Prove that for $x\in \mathbb{R}$ $\exists n\in \mathbb{N}$ such that $n>x$

Question

I solved this and I think it is correct but being new to Real Analysis without much proofs experience there is always this hesitancy I have during/after solving so I am posting this in 'solution-verification'

Prove that for $x\in \mathbb{R}$ $\exists n\in \mathbb{N}$ such that
$n>x$

My attempt:

Assume that this statement is incorrect, this means that for $x\in \mathbb{R}$ $\nexists n\in \mathbb{N}$ such that $n>x$

So we now have that $\forall x \in \mathbb{R}$ $x\geq n$ $\forall n \in \mathbb{N}$

Since we are talking about all $x \in \mathbb{R}$ and $\mathbb{N}\subset\mathbb{R}$ we can say that $\forall x \in \mathbb{N}$ $x\geq n$ $\forall n \in \mathbb{N}$

This implies that $\mathbb{N}$ is bounded above which is wrong, thus our initial statement must be correct.

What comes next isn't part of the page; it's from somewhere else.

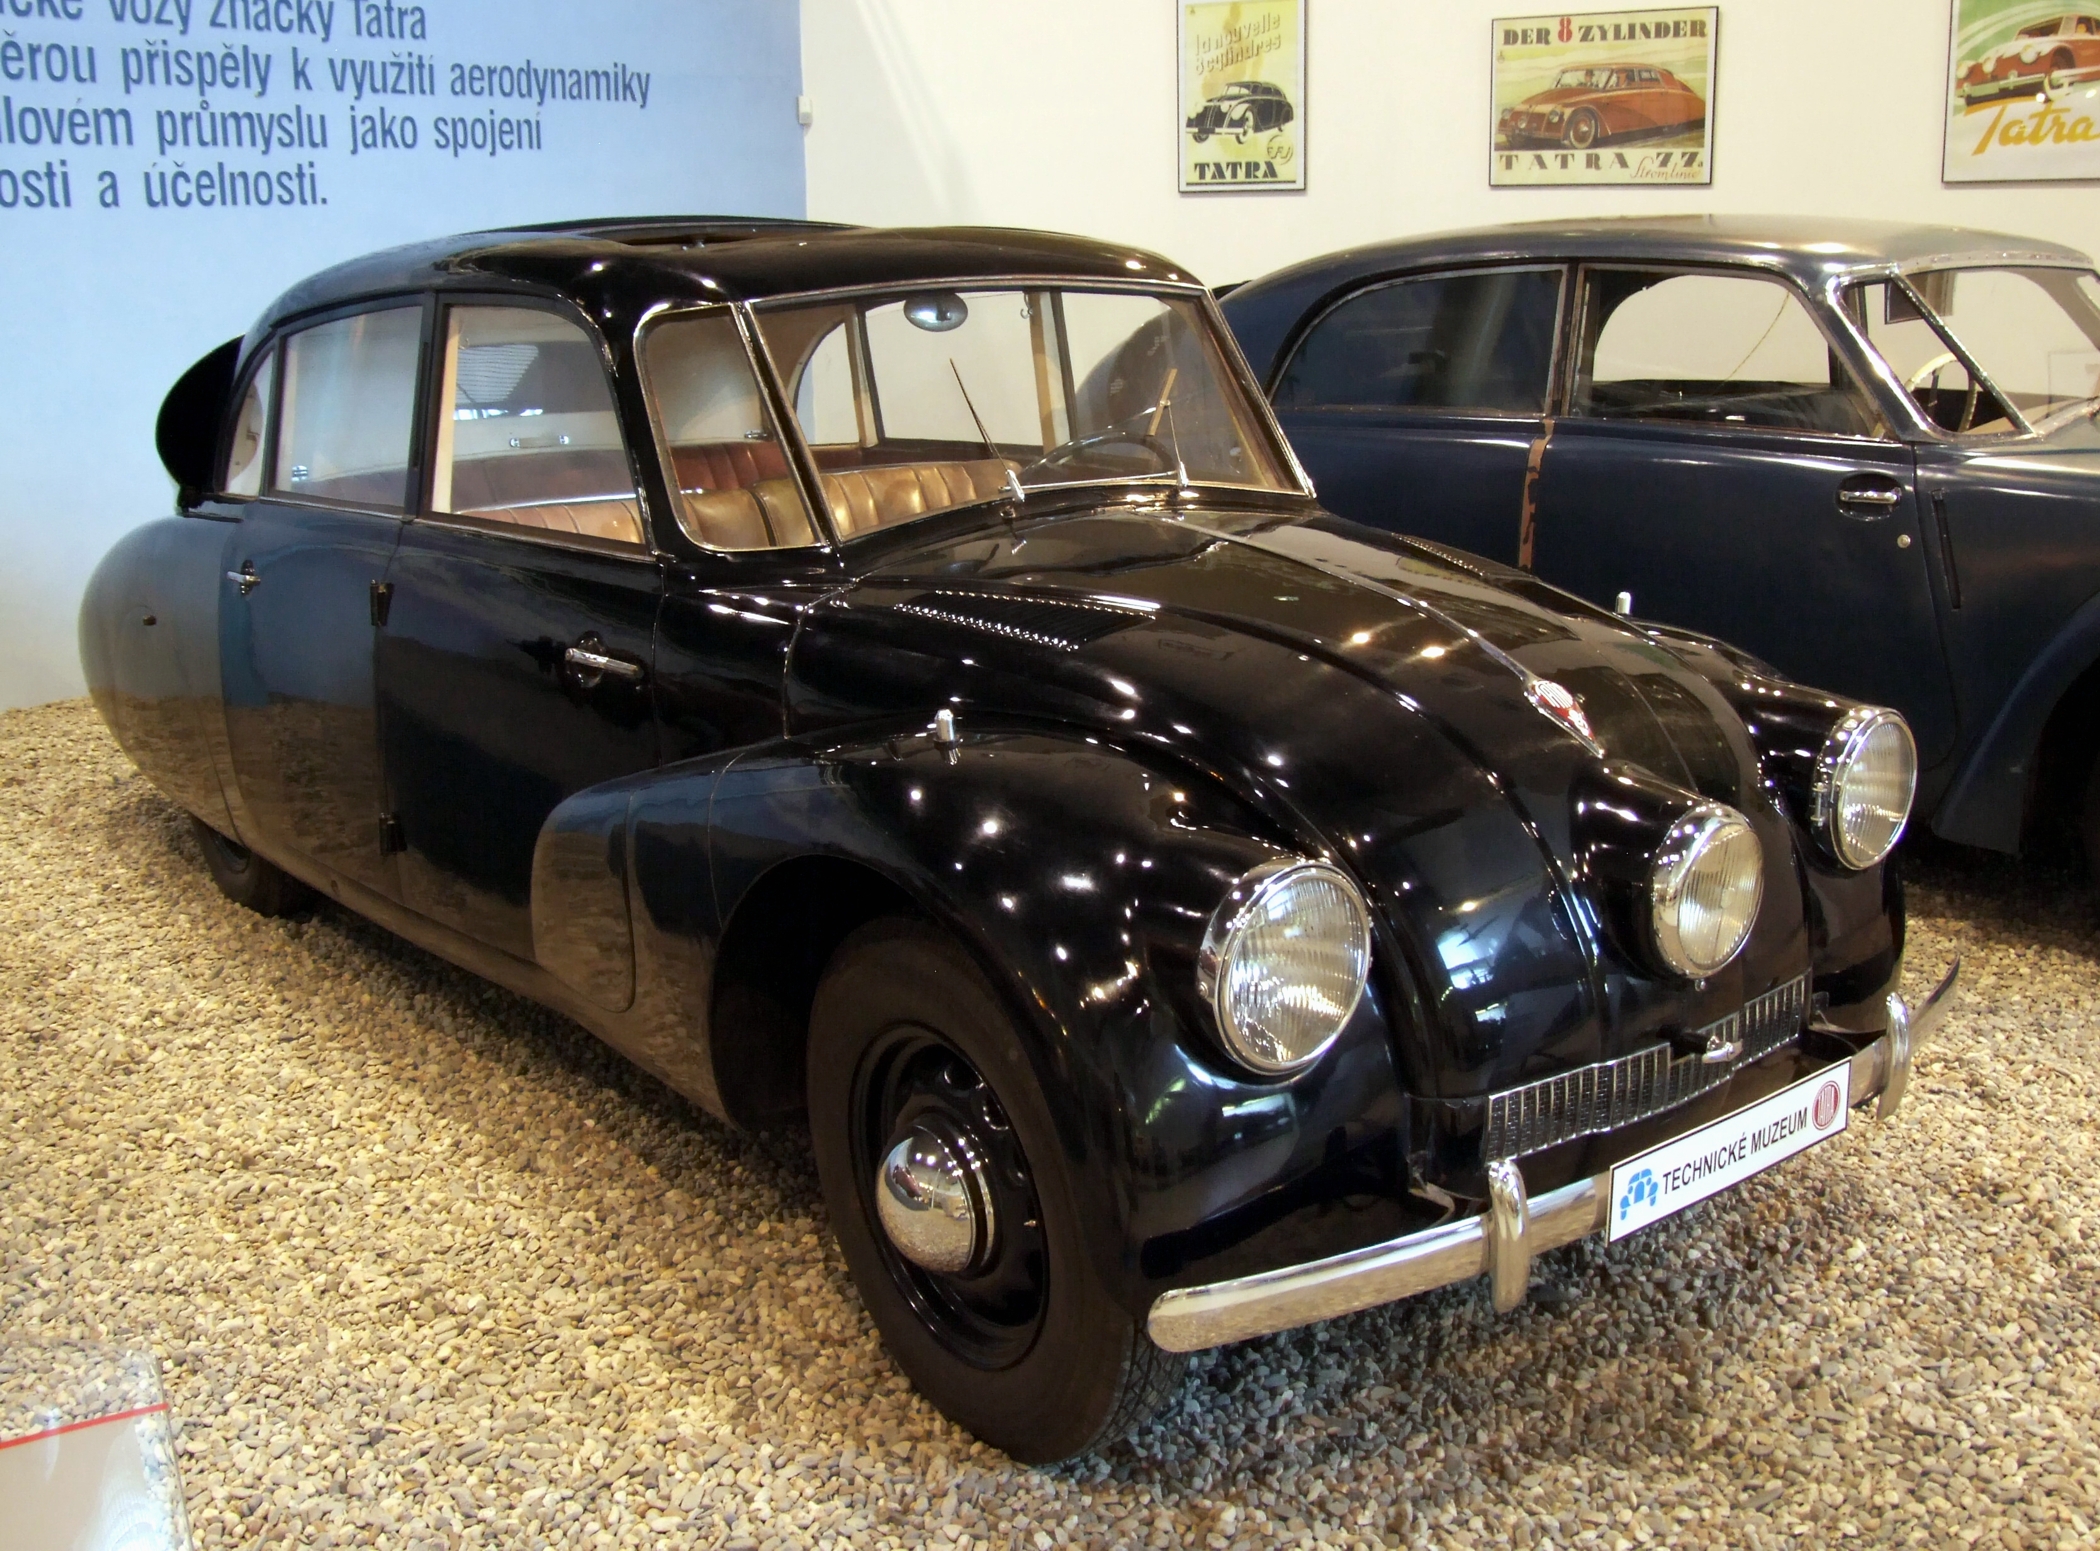 Tatra 87 Kopřivnice

Any feedback or help would be appreciated. My goal from this is to either verify it is correct or get to know where I went wrong so I am not really interested in someone giving me another solution.

Answer 1

The given statement is

$\forall x \in \mathbb{R} \,\exists n \in \mathbb{N}$ such that $n >x$

If the above statement is incorrect then it should be

$\exists x \in \mathbb{R} \,\forall n \in \mathbb{N}$ such that $n \le x$

and not

So we now have that $\forall x \in \mathbb{R}$ $x\geq n$ $\forall n \in \mathbb{N}$

Edit: Your can use the same argument. Remember the definition of bounded subsets of real numbers. A subset $A$ of real numbers is said to be bounded if $\exists M \in \mathbb{R} \forall a \in A$ we have $a \le M$.

Here you can take $A= \mathbb{N}, M = x$.